Two experimental groups were investigated, and livers were decellularized with (P+) or without (P-) the application of sinusoidal pressure changes to verify whether the application of oscillating pressure conditions improves the effectiveness of pig liver decellularization.
All perfusions were performed using a clinical-scale perfusion device. Depending on the liver size (and weight), perfusion rates via the portal vein ranged from 210 ml/min to 1240 ml/min and from 90 ml/min to 380 ml/min via the hepatic artery. However, the flow rates did not significantly differ in the two experimental groups neither at the beginning of perfusion (at 0 h) nor at the end of the decellularization process (after 6 h of perfusion with detergents). During decellularization, the flow rates slightly increased, although the differences were not significant in any of the groups.
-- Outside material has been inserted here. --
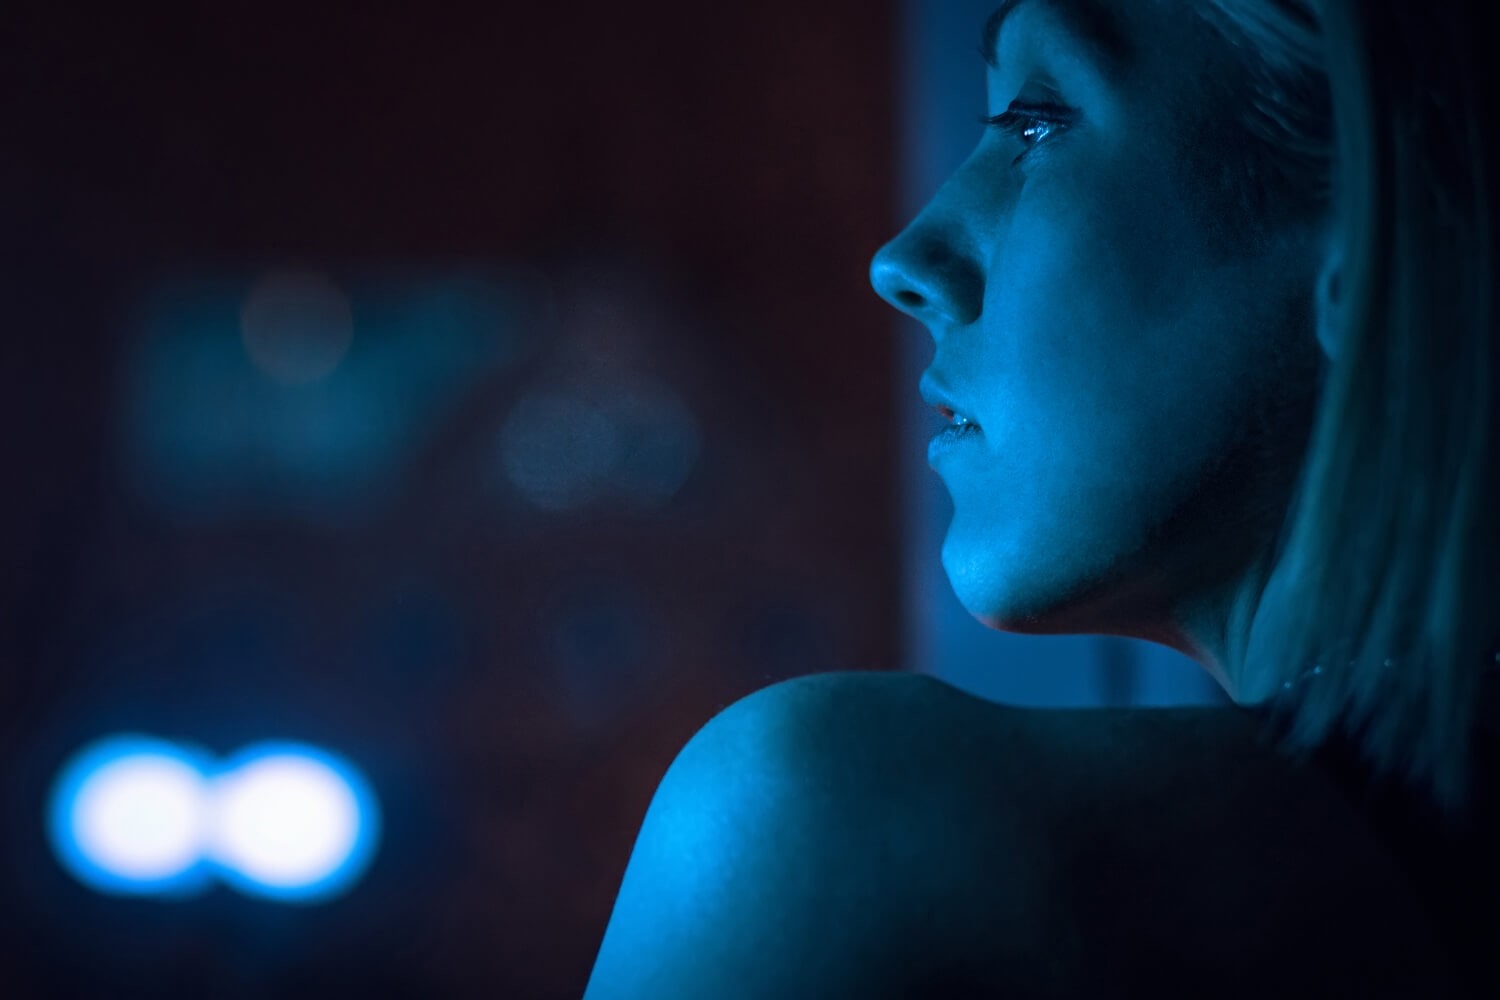 Sideview of a woman's face at night

The presented protocol for pig liver decellularization is quick (7 h) and effective. The application of oscillating pressure conditions improves the homogeneity of perfusion and thus the outcome of the decellularization process. The presented decellularized liver matrices could serve as scaffolds for organoid generation on a clinically relevant scale. Furthermore, an adapted version of our perfusion settings may be applied for the decellularization of discarded human livers.